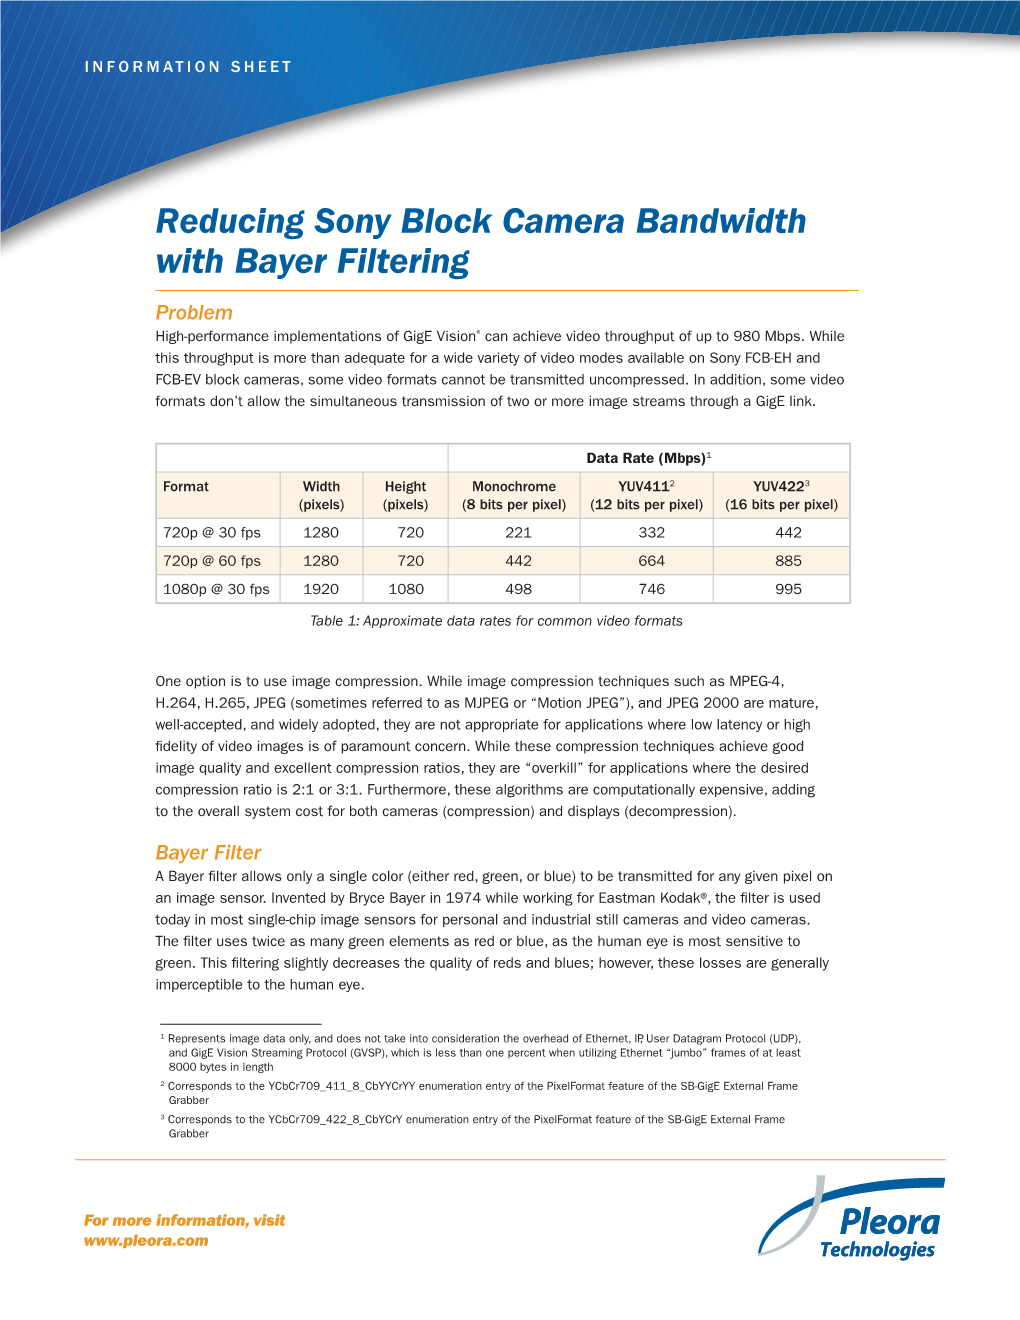 Reducing Sony Block Camera Bandwidth with Bayer Filtering Problem High-Performance Implementations of Gige Vision® Can Achieve Video Throughput of up to 980 Mbps
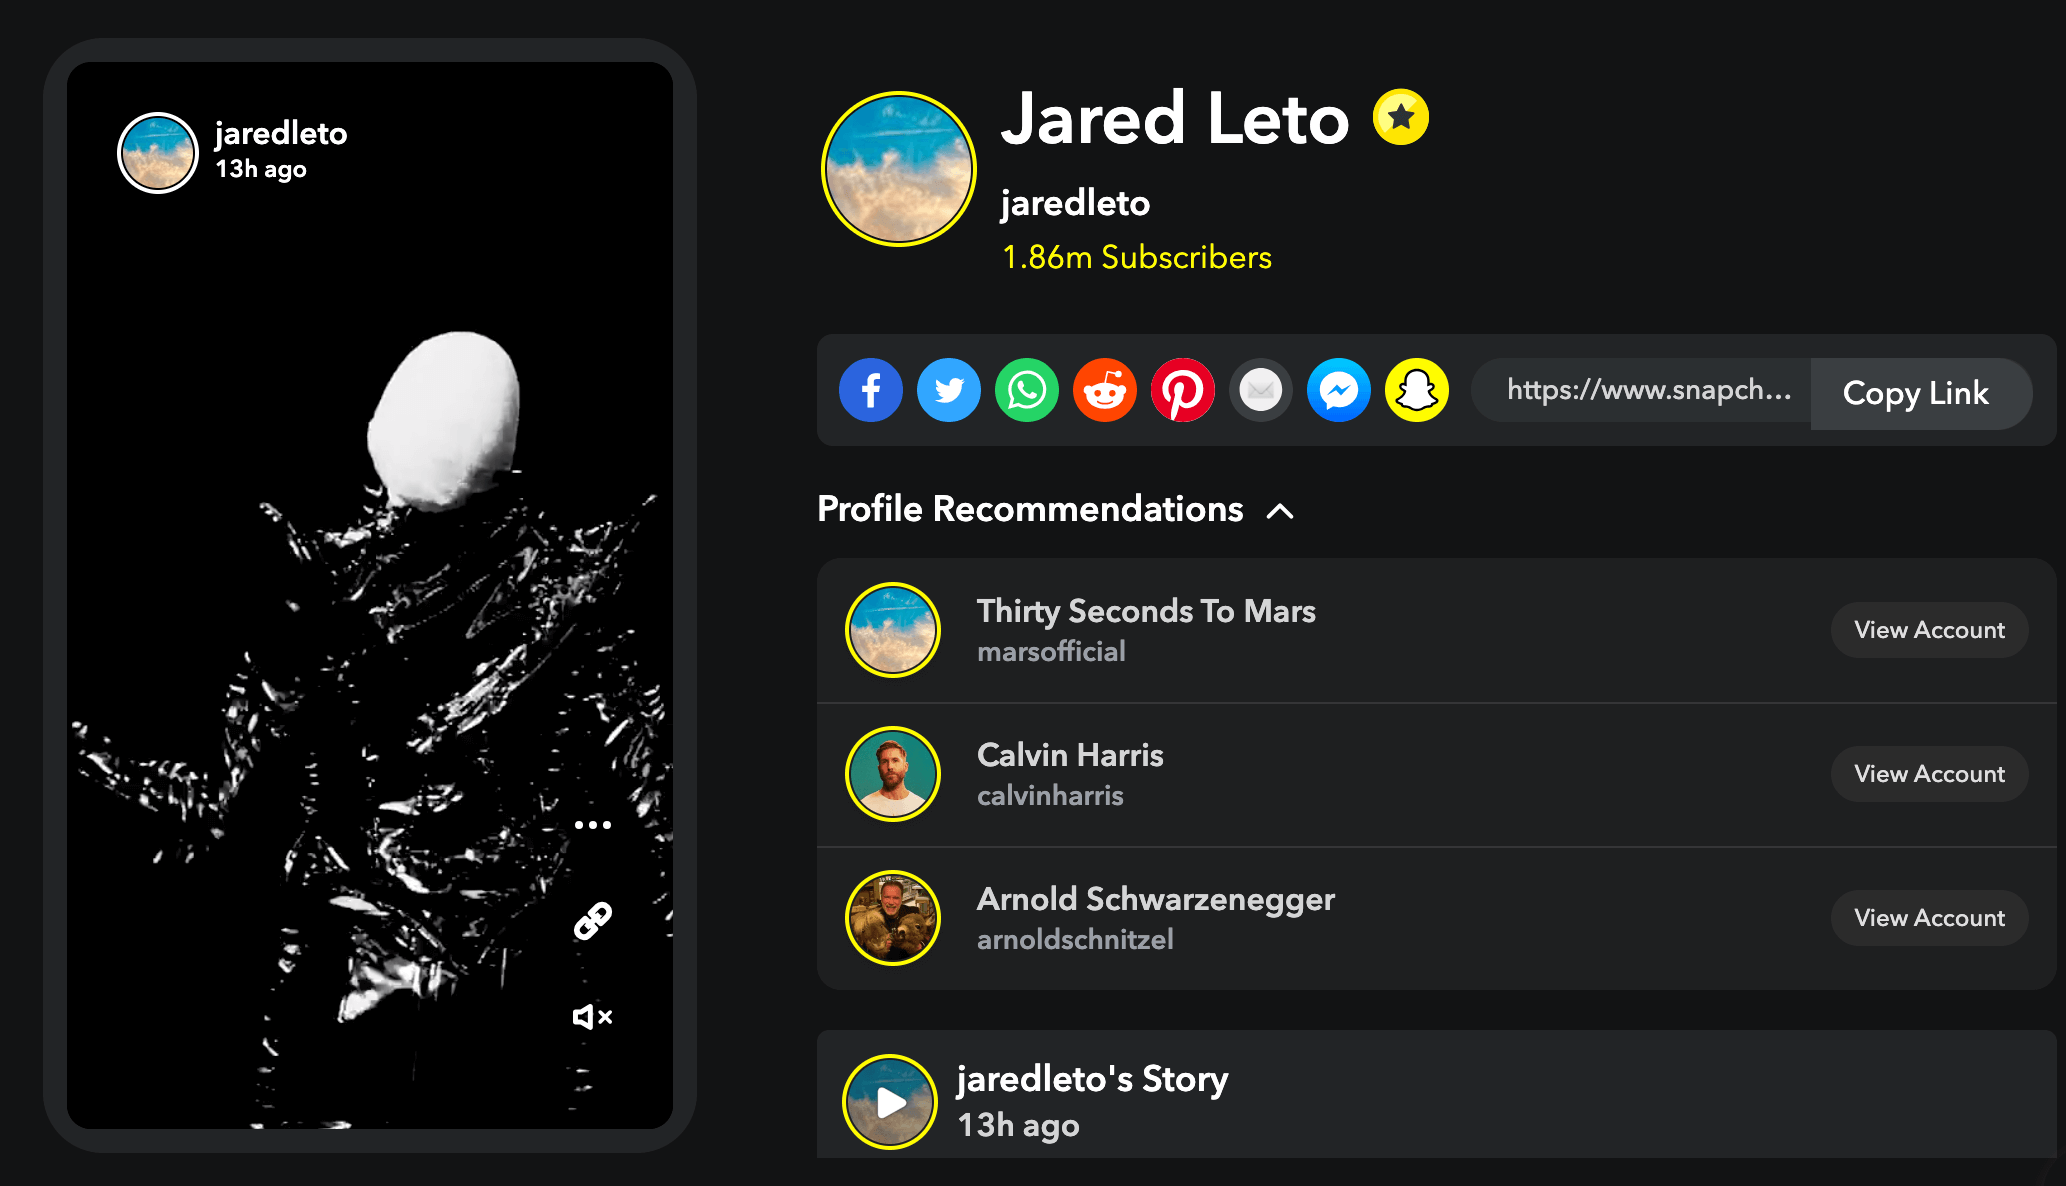 jared-leto-snap.png
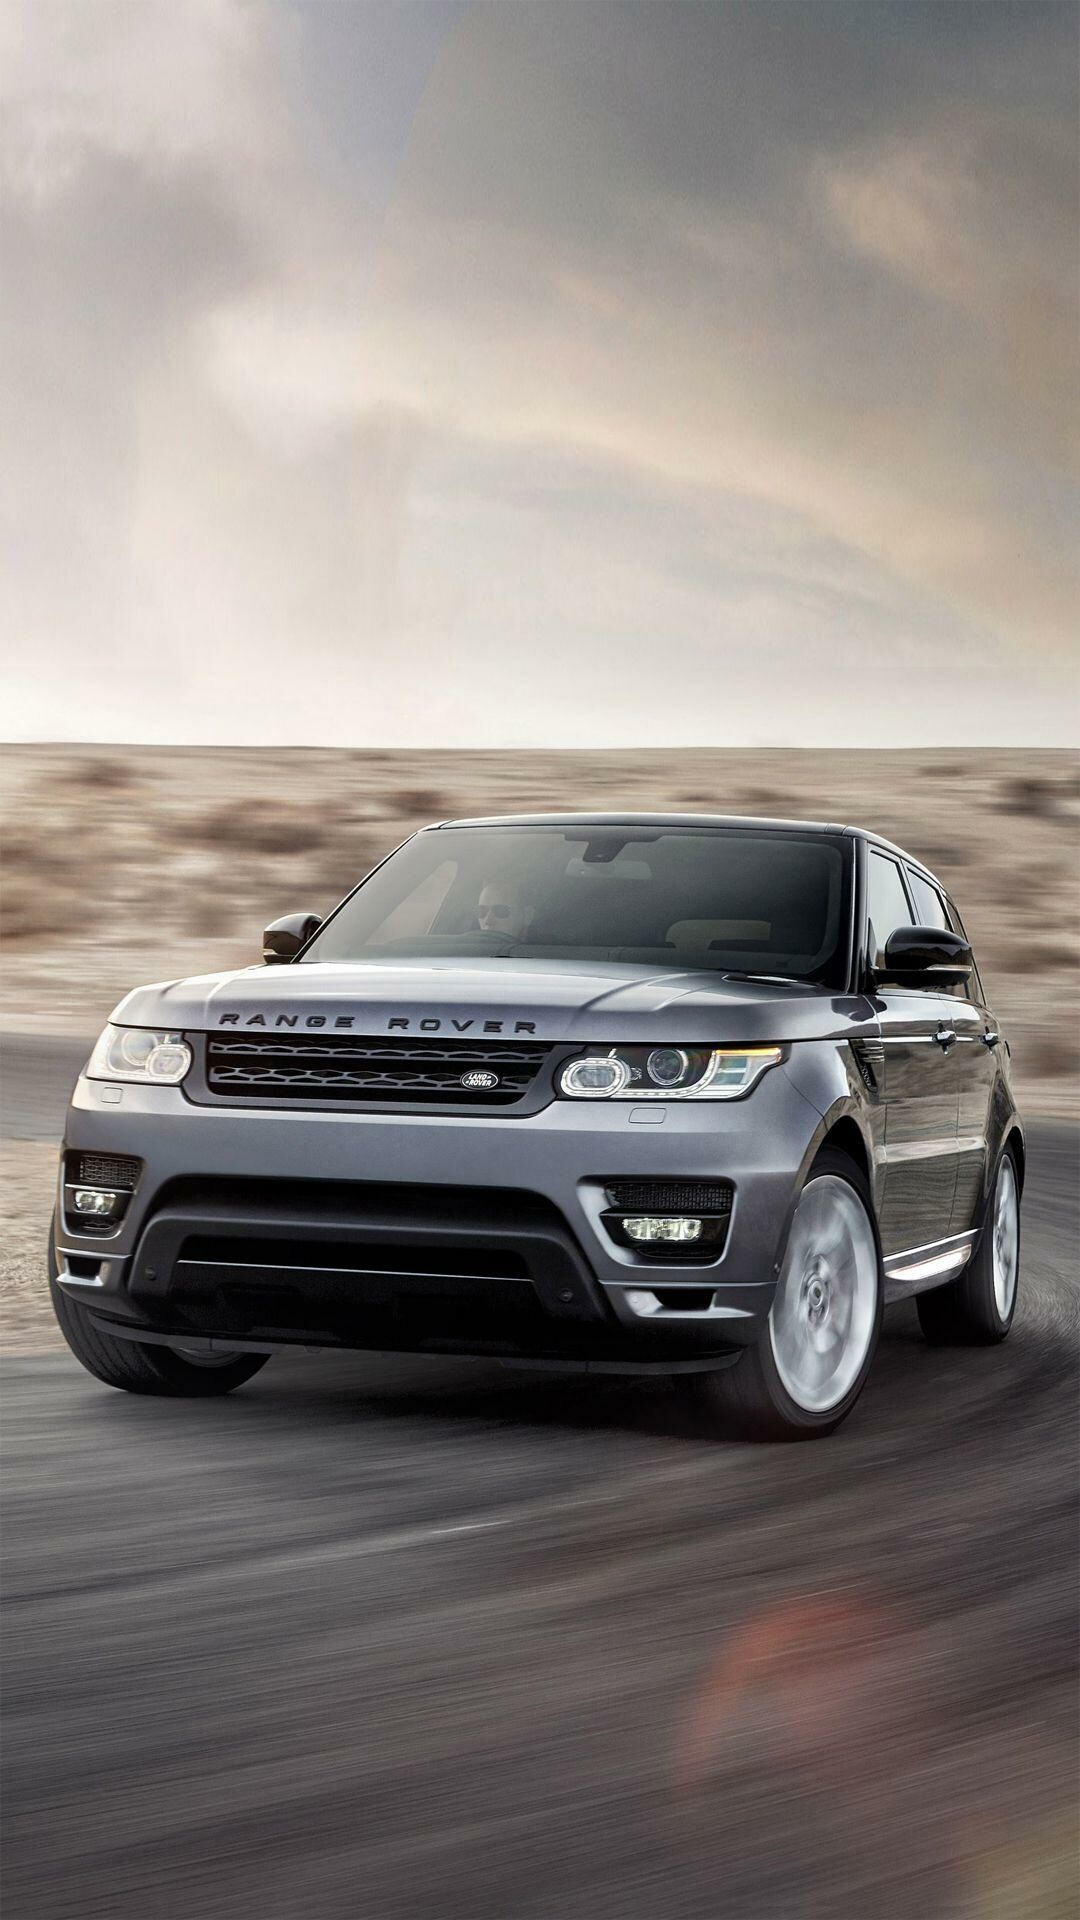 Range Rover: The marque includes models such as Sport, Evoque, and Velar. 1080x1920 Full HD Background.

◆ **YOUR TASK**
Copy out every line above, word for word, minus images.

◆ **RESPONSE AREA**
 Reducing Sony Block Camera Bandwidth with Bayer Filtering Problem High-Performance Implementations of Gige Vision® Can Achieve Video Throughput of up to 980 Mbps
 jared-leto-snap.png
 Range Rover: The marque includes models such as Sport, Evoque, and Velar. 1080x1920 Full HD Background.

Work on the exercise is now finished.